SUPPLIED DATA
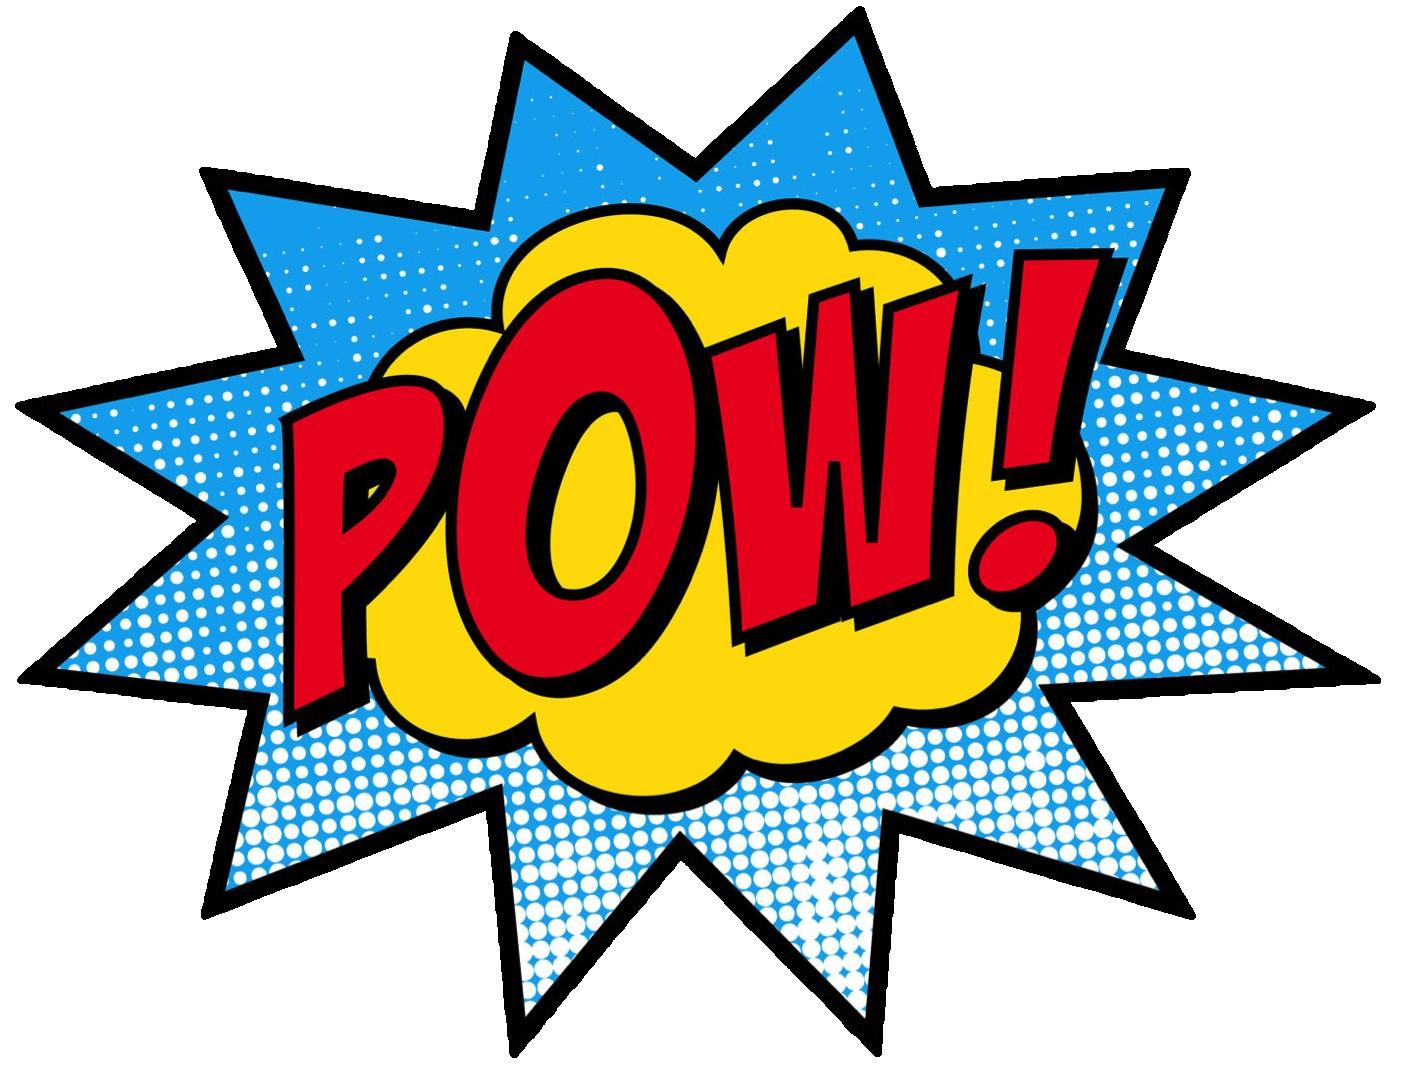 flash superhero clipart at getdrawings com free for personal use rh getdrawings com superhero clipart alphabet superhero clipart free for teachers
* * *
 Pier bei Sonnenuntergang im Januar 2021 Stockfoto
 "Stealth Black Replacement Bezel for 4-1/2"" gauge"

YOUR GOAL
Would you copy, unchanged, the stretch of the records above that begins at the line containing "Pier bei Sonnenuntergang" and ends at the line containing "Black Replacement Bezel", and only that?

EXPECTED OUTPUT
 Pier bei Sonnenuntergang im Januar 2021 Stockfoto
 "Stealth Black Replacement Bezel for 4-1/2"" gauge"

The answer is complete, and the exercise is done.